История, положившая начало их вражде, произошла на первом году обучения Руднева. Рагозин, учившийся на медицинском, к тому времени ходил в студентах уже третий год. Как-то на студенческой пирушке Григорий Алексеевич зло пошутил над одним из молодых студентов, одногодкой Руднева, с которым тот, некоторым образом, приятельствовал. Оскорбленный публичной насмешкой, молодой человек вызвал Рагозина на дуэль, а Руднева пригласил быть его секундантом.

Григорий Алексеевич выбрал поединок на пистолетах, и все думали, что, как это обычно случалось на студенческих дуэлях, оба выстрелят в воздух, и на том история закончится. Приятель Дмитрия Николаевича и впрямь выстрелил в сторону, а вот Рагозин нет. С десяти шагов, с которых промахнуться было нельзя, он безжалостно прострелил безоружному противнику сердце.

Поскольку инцидент разбирался на совете университета, историю удалось замять и выставить дело как несчастный случай. Рагозина, сына высокопоставленного чиновника, исключили с правом восстановления через год, его секунданта, замешанного уже не в одной скандальной истории, исключили насовсем, а Рудневу сделали предупреждение.

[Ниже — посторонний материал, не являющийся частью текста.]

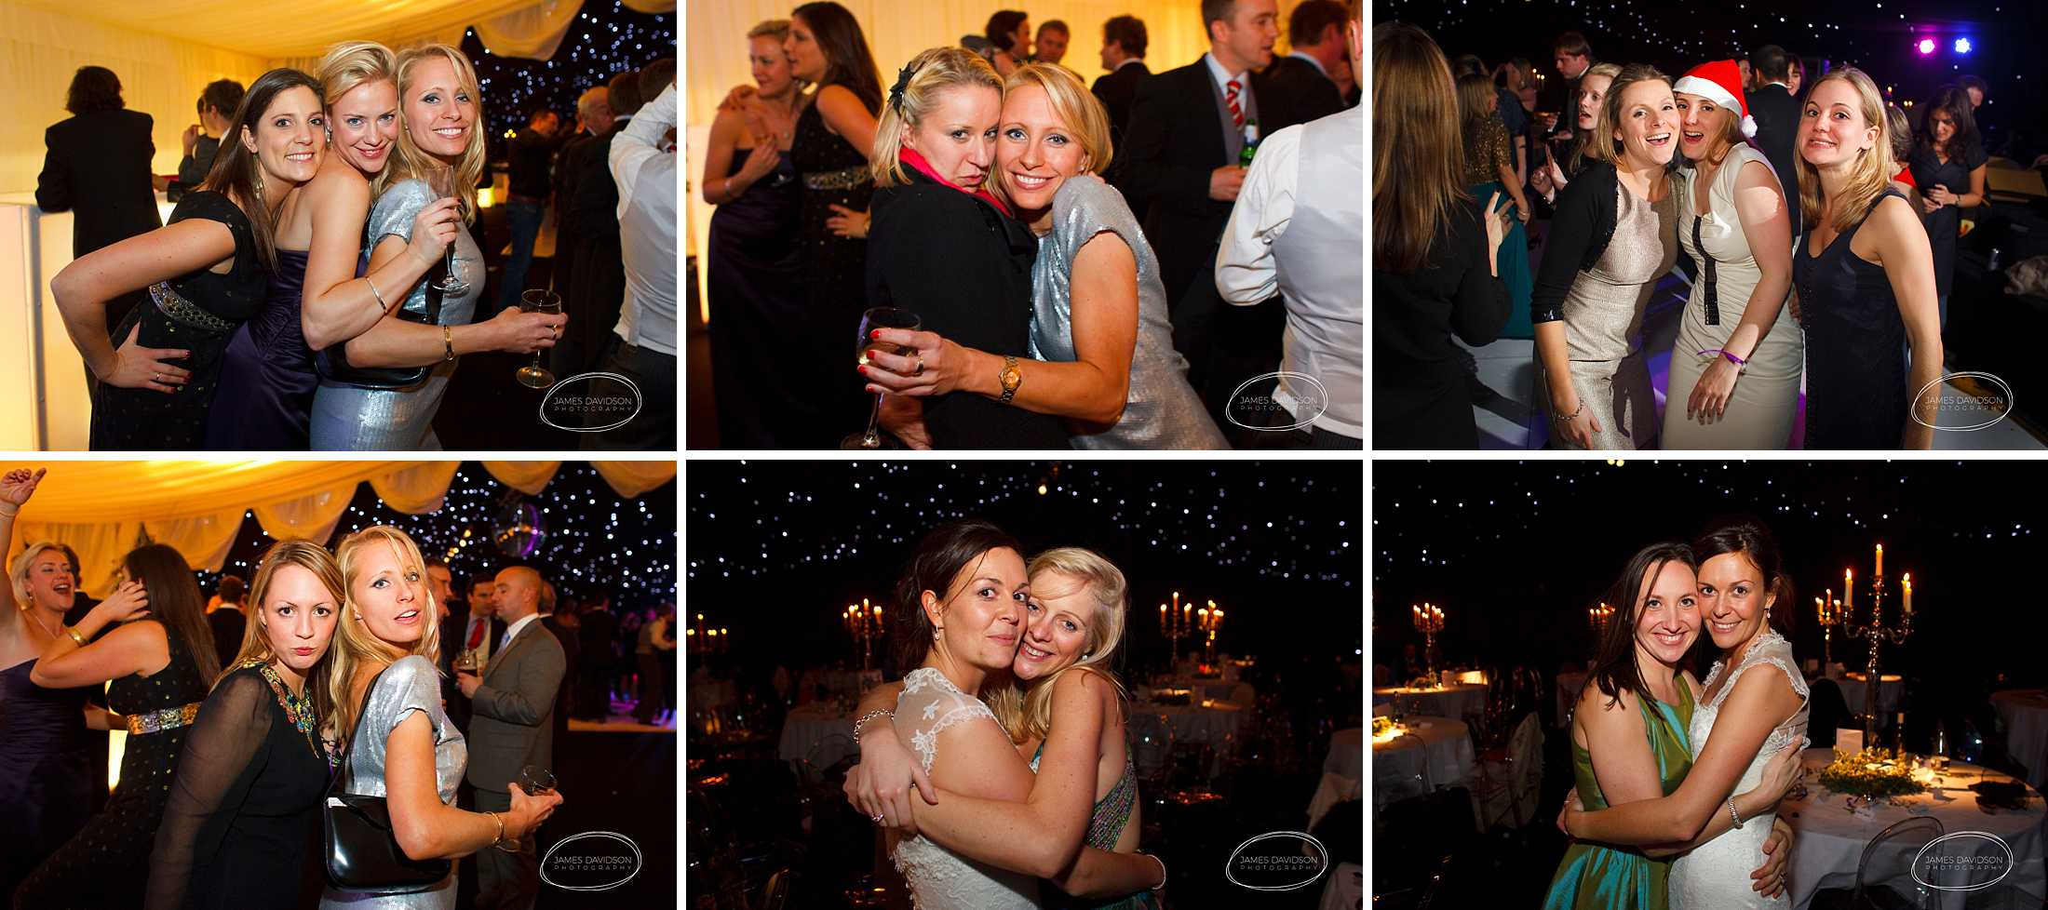 huddersfield-wedding-photography-064

Постепенно страсти улеглись. Формально происшествие было дуэлью, что не исключало возможности смертельного исхода, но Руднев искренне считал Григория Алексеевича убийцей, избежавшим заслуженного наказания по недосмотру небесной канцелярии и халатному попустительству земного суда. Он всей душой презирал Рагозина, из-за чего демонстративно избегал любого общения с ним.

– Не вмешивайтесь, господин Рагозин, – повторил Руднев. – Это вас не касается.

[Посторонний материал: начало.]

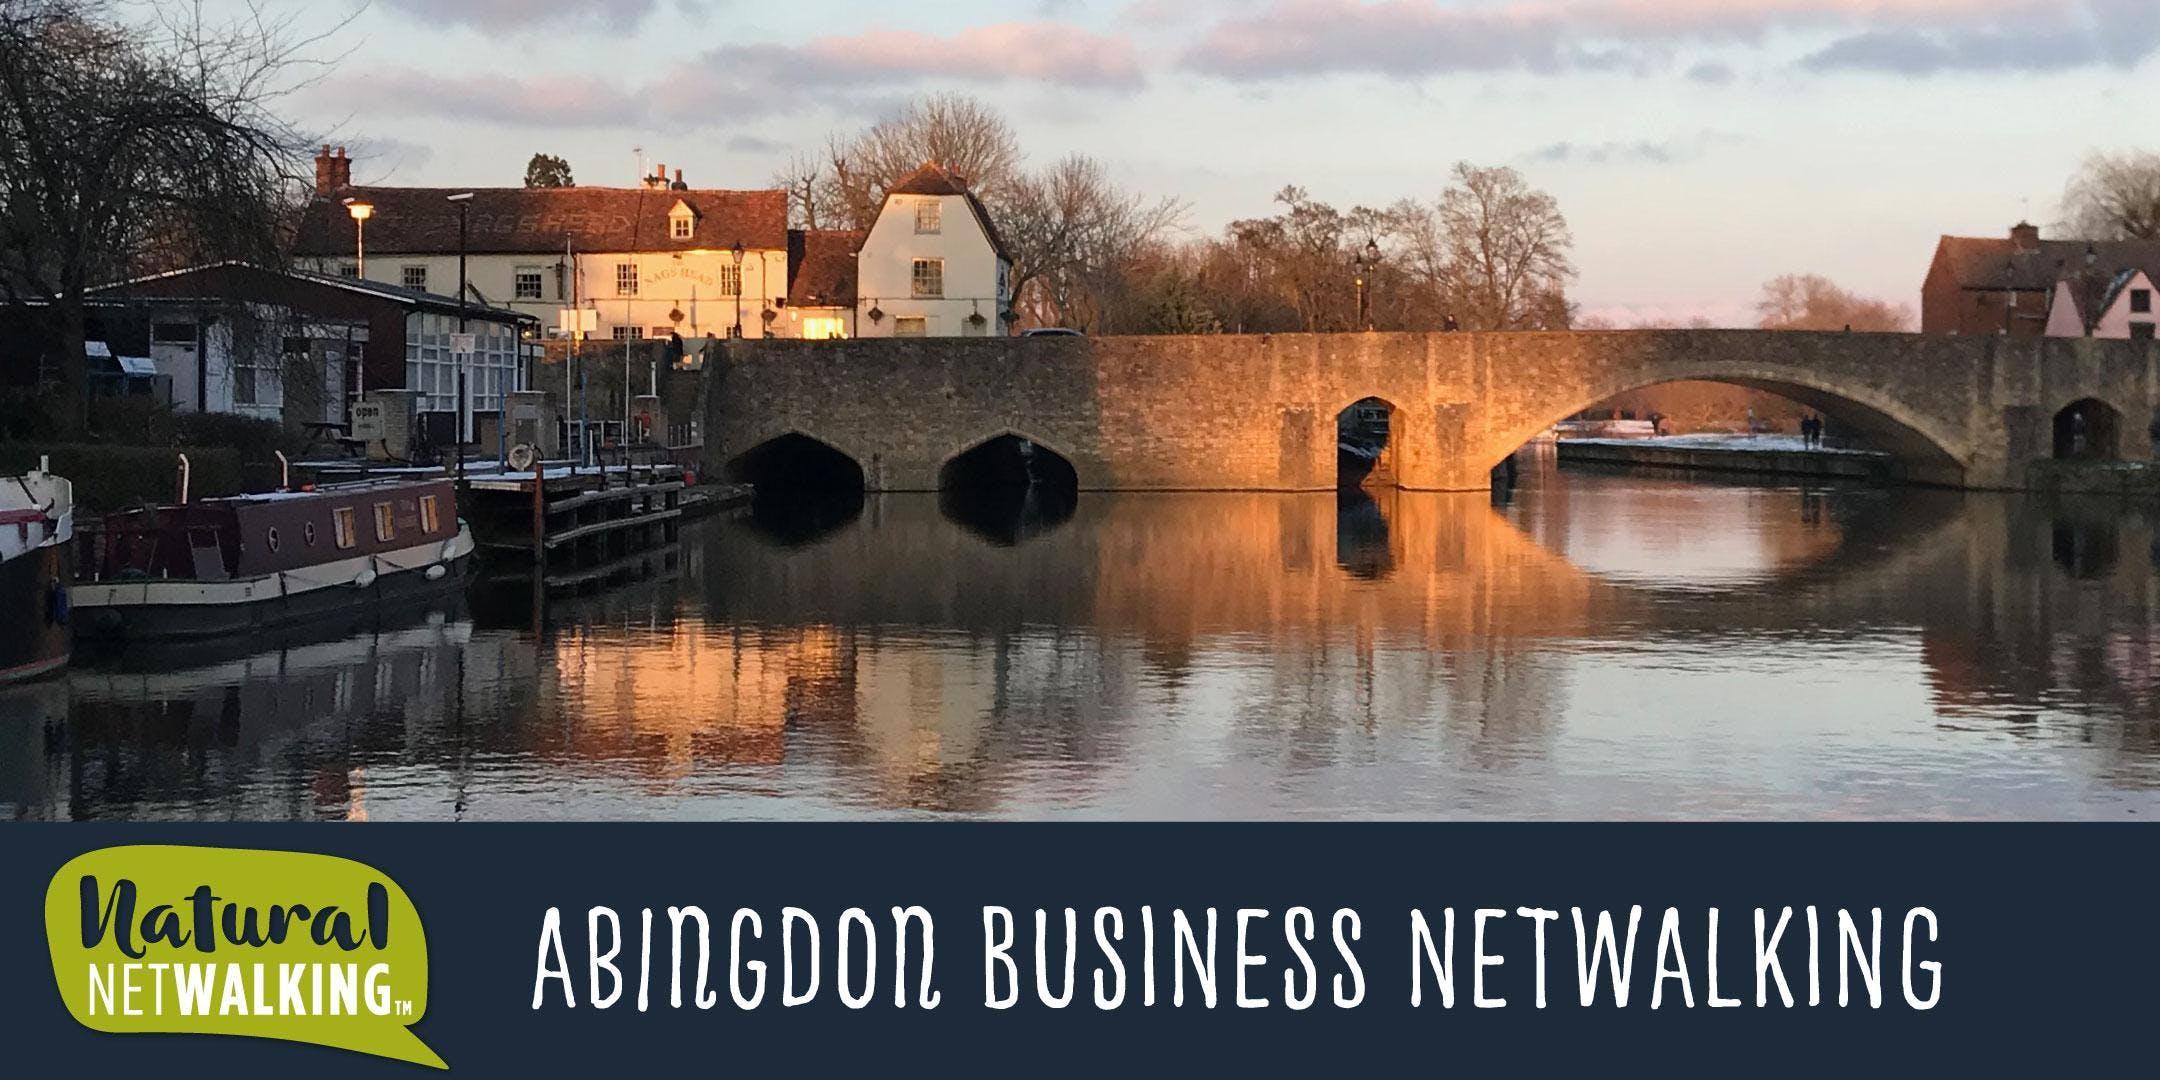 Netwalking in Abingdon Oxfordshire 22nd October 7.30am-9.30am

– Отчего же? Правила чести позволяют одному человеку ответить за другого. Вас, как я услышал, останавливает то, что вы владеете оружием лучше Арсения Акимовича? Благородно! Но я-то, надеюсь, дерусь не хуже вашего? Мой вызов вы примете?

– Подите вон, – процедил сквозь зубы Руднев. – Я не стану марать руки о мерзавца, убившего безоружного человека. Дуэли для людей чести, а вы заслуживаете смерти на каторге.

Кормушин и опамятовавшийся Никитин замерли, не зная, как остановить неминуемое.

Рагозин замахнулся, намереваясь влепить Рудневу пощечину, но тот проворно перехватил взметнувшуюся руку и сжал с неожиданной для своей хрупкой комплекции силой.

– Считайте, что вызов принят, – проговорил он, продолжая сжимать пальцы до тех пор, пока наглая улыбка не сползла с лица Григория Алексеевича, сменившись гримасой боли. – Да только обычного поединка вы не заслуживаете. Я сообщу вам, где и когда вы расплатитесь за свою подлость.

Он выпустил руку Рагозина и, не сказав более никому ни слова, пошёл прочь.

Тем временем, катясь с подругой по заснеженной Москве, Катерина кусала от досады губы. Она-то надеялась, что, услышав про предстоящий ей портретный сеанс, подруга изведется от зависти и засыплет её вопросами, но Зинаида молчала, погружённая в себя.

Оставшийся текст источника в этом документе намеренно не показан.